Adversarial Ink: Componentwise Backward Error Attacks on Deep Learning
- URL: http://arxiv.org/abs/2306.02918v1
- Date: Mon, 5 Jun 2023 14:28:39 GMT
- Title: Adversarial Ink: Componentwise Backward Error Attacks on Deep Learning
- Authors: Lucas Beerens and Desmond J. Higham
- Abstract summary: Deep neural networks are capable of state-of-the-art performance in many classification tasks.
Deep neural networks are known to be vulnerable to adversarial attacks.

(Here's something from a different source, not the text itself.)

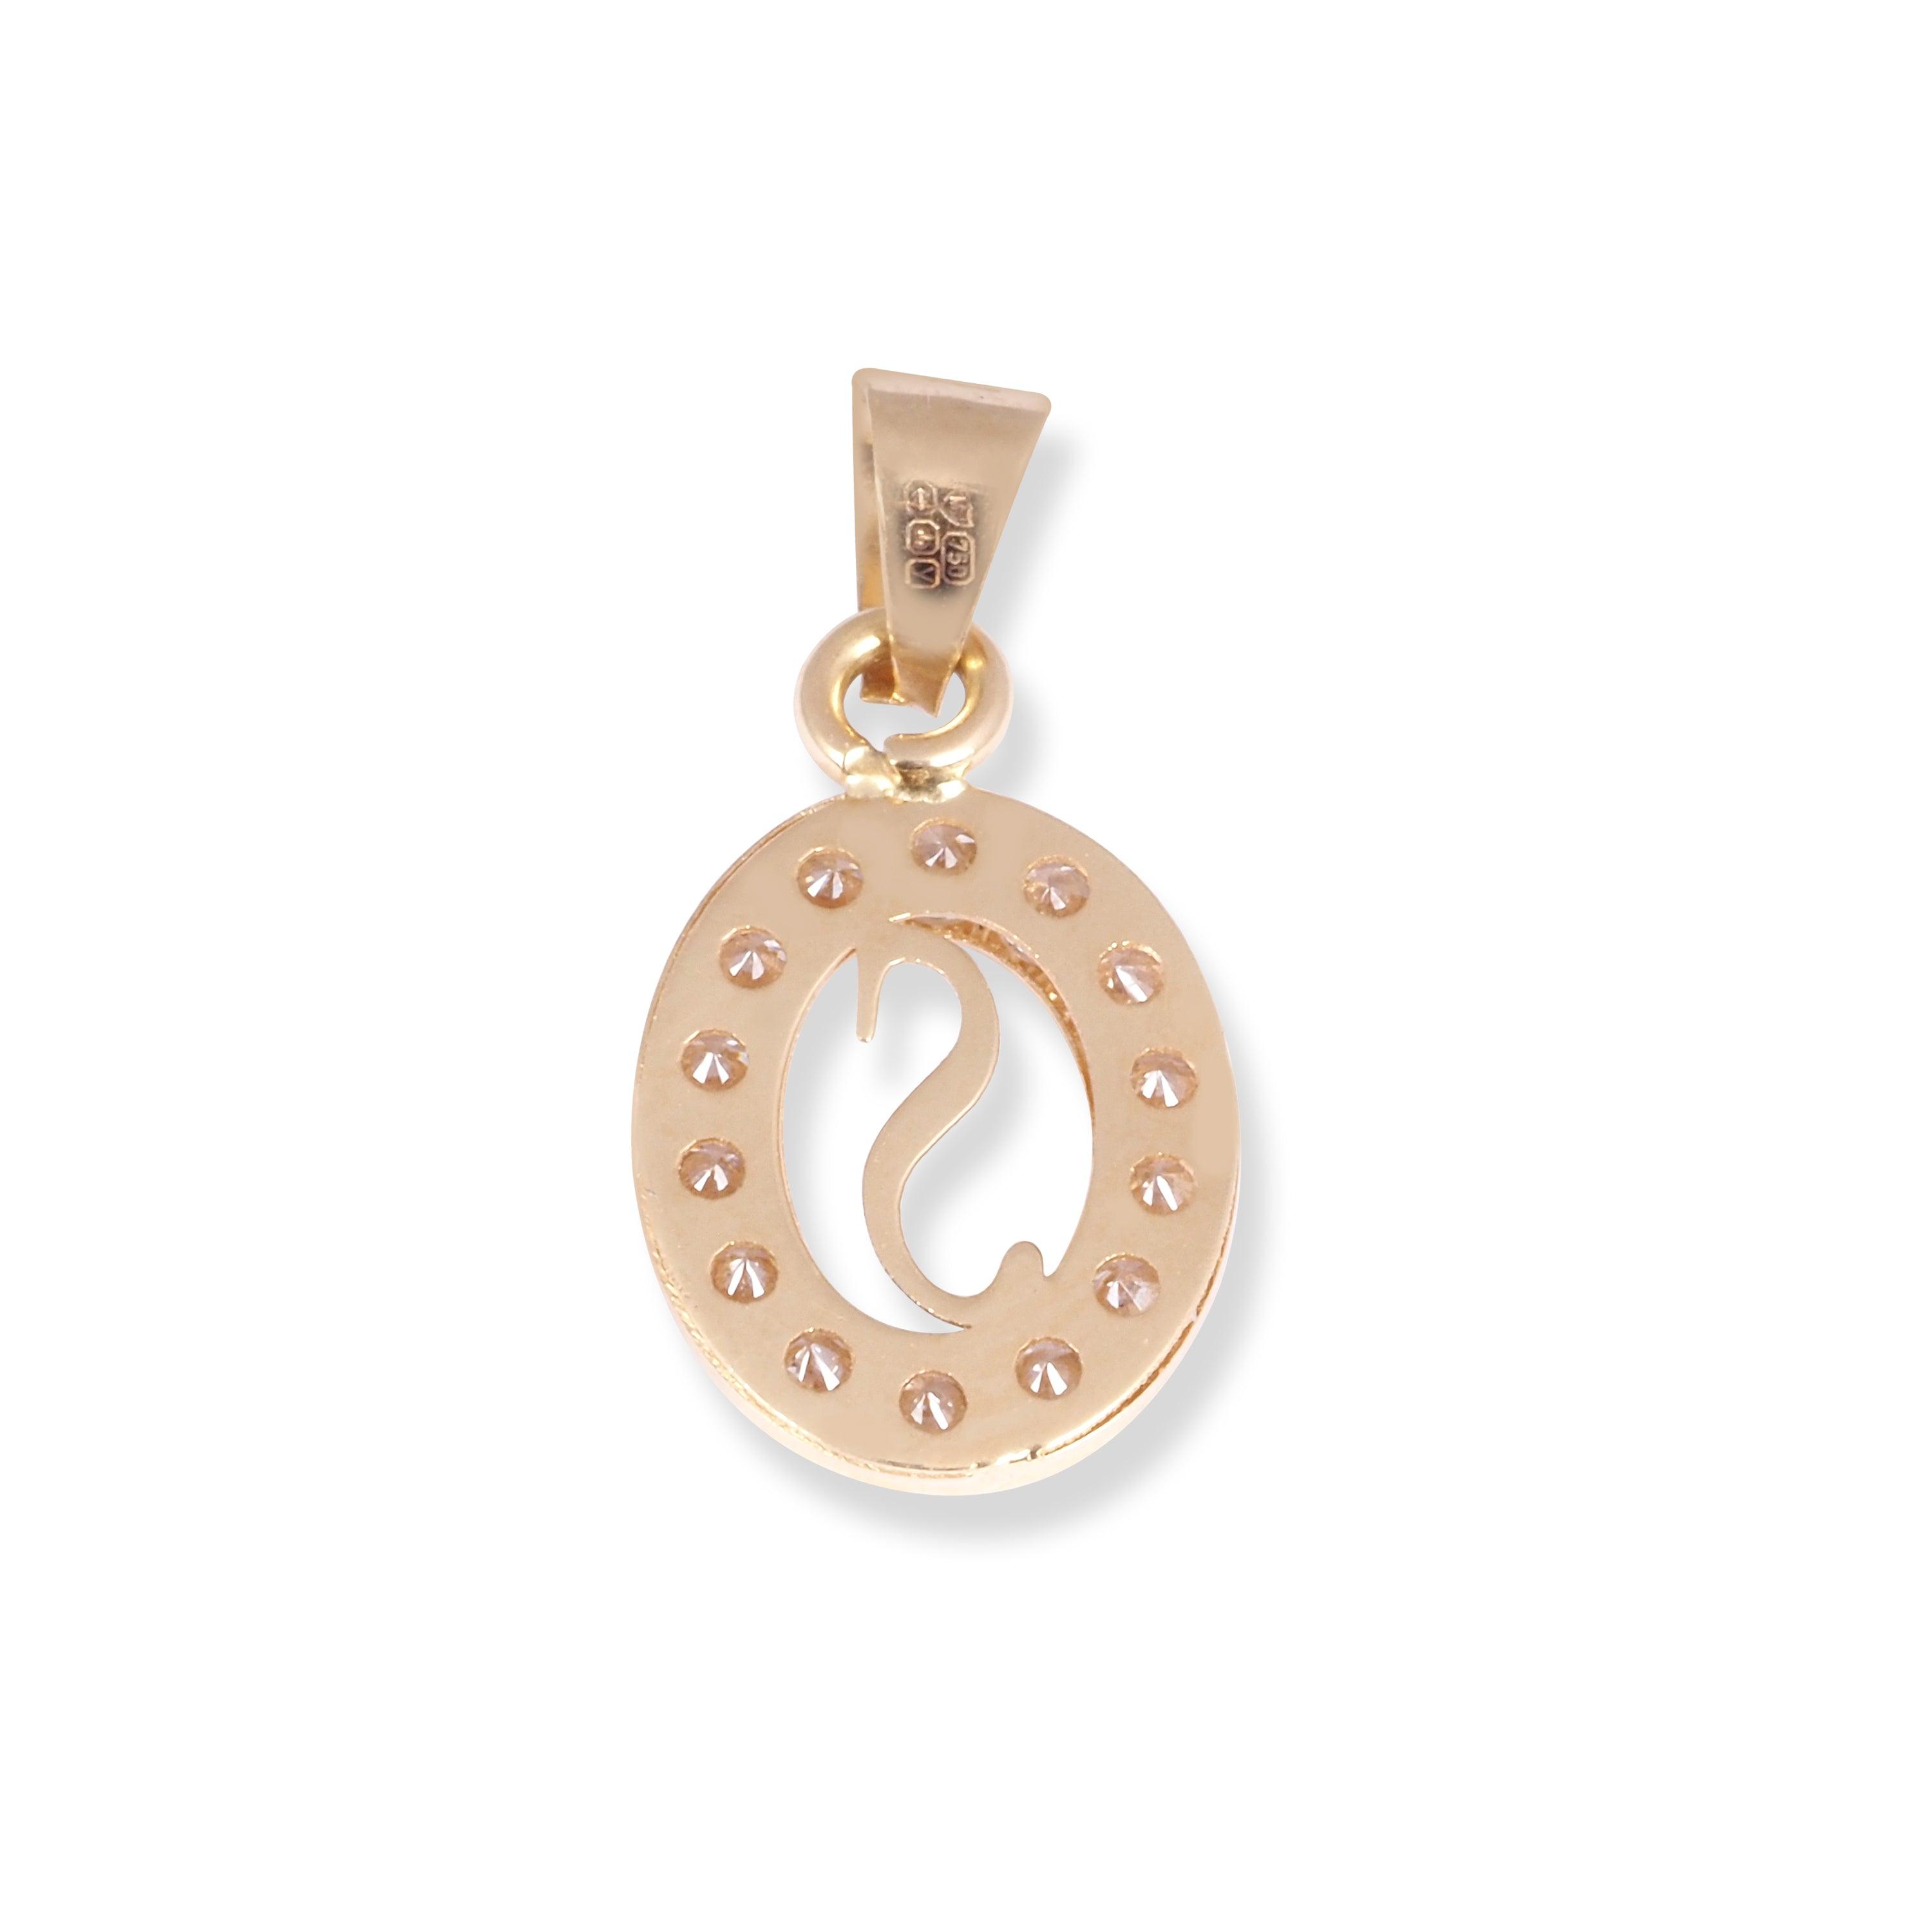 18ct Yellow Gold Dainty Initial 'S' Pendant with Cubic Zirconia Stones P-7966-S - Minar Jewellers

We develop a new class of attack algorithms that use componentwise relative perturbations.
- Score: 0.0
- License: http://creativecommons.org/licenses/by/4.0/
- Abstract: Deep neural networks are capable of state-of-the-art performance in many
classification tasks. However, they are known to be vulnerable to adversarial
attacks -- small perturbations to the input that lead to a change in
classification. We address this issue from the perspective of backward error
and condition number, concepts that have proved useful in numerical analysis.

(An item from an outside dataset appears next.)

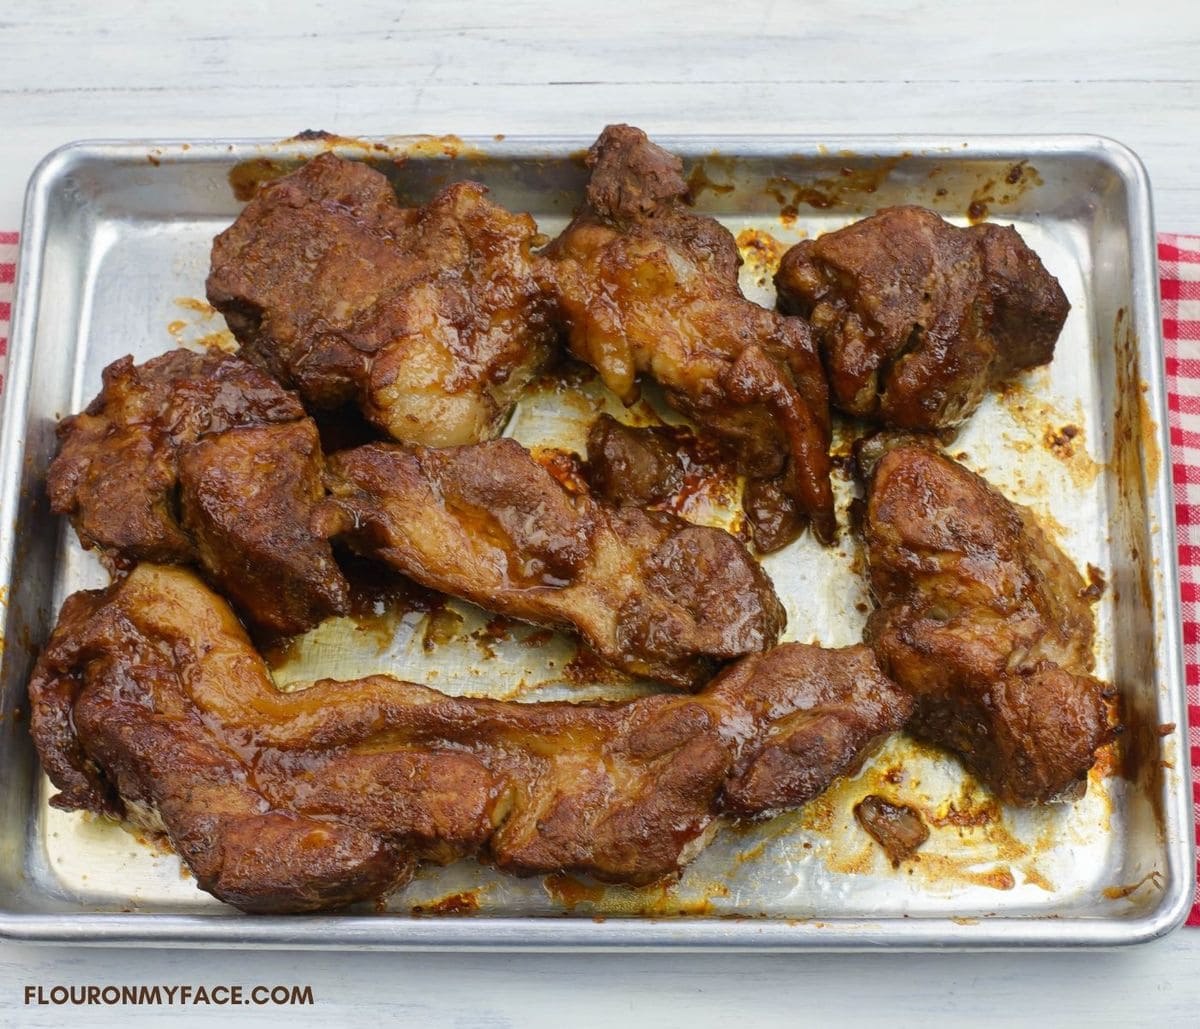 Overhead image of a baking tray with barbecued country style pork ribs that have been pressure cooked.

To do this, we build on the work of Beuzeville et al. (2021). In particular, we
develop a new class of attack algorithms that use componentwise relative
perturbations. Such attacks are highly relevant in the case of handwritten
documents or printed texts where, for example, the classification of
signatures, postcodes, dates or numerical quantities may be altered by changing
only the ink consistency and not the background. This makes the perturbed
images look natural to the naked eye. Such ``adversarial ink'' attacks
therefore reveal a weakness that can have a serious impact on safety and
security. We illustrate the new attacks on real data and contrast them with
existing algorithms. We also study the use of a componentwise condition number
to quantify vulnerability.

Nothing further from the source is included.